Kusturica’s Groove
On the Balkan Fellini
Emir Kusturica is the Balkan Fellini, where the Arthouse meets the soul. You can be as Avantgarde as you like but without a cultural core you’re just saying look how clever I am. Or imagine if Fellini or Kaurismaki was from the Eastern Block and add sometimes slapstick, sometimes very dark humour on top and you might come close to what the director was doing. Definitely not as bleak as Bela Tarr but has the same sense of humanism. His work from the early 80’s to the late 90’s is what you want to seek out, particularly Time of the Gypsies (1988) which is pure cinema magic. His debut Do You Remember Dolly Bell (1981) was rooted in his home town of Sarajevo and focused on the transition from old neighbourhoods to squashing the populace downtown into high rise towers in the name of Socialist utopia.

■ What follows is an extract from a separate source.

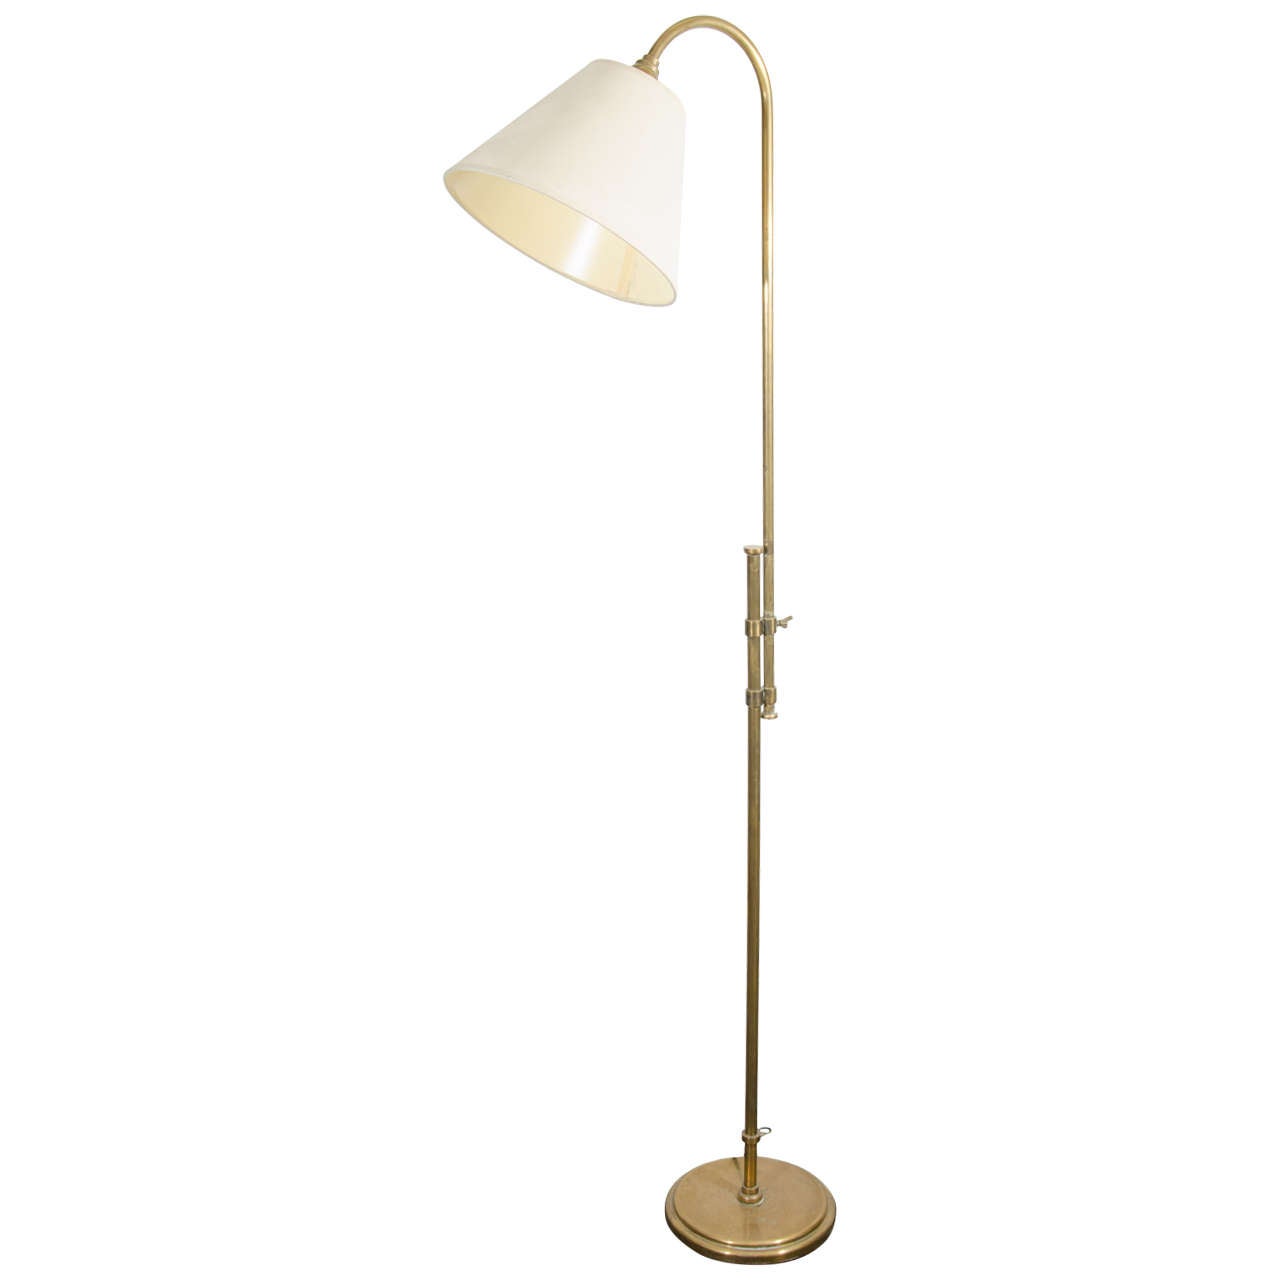 Modern Adjustable Pole Lamp - For Sale on 1stDibs

A slice of raw life mixed with magic and mystery, death followed by comedy followed by something inexplicable. He’s tackled romance, war, youth, socialism and industrialisation while simultaneously criticising and celebrating all of it. We’re from a similar part of central Bosnia with its own special brand of ethnicities, myths, foods and feuds. A meeting point of east and west, medieval Christianity, Ottoman Empire followed by Austro-Hungarian modernism. None of it to be taken too seriously because you might find yourself drunk at dawn with a local in a strange town. Both of you standing on centuries old cobble stones with the ancient accordion blues swirling inside your head. Incidentally those same stones were used to hold down the pickled cabbage stored in the basement and that smell is enough to awaken your dead relatives.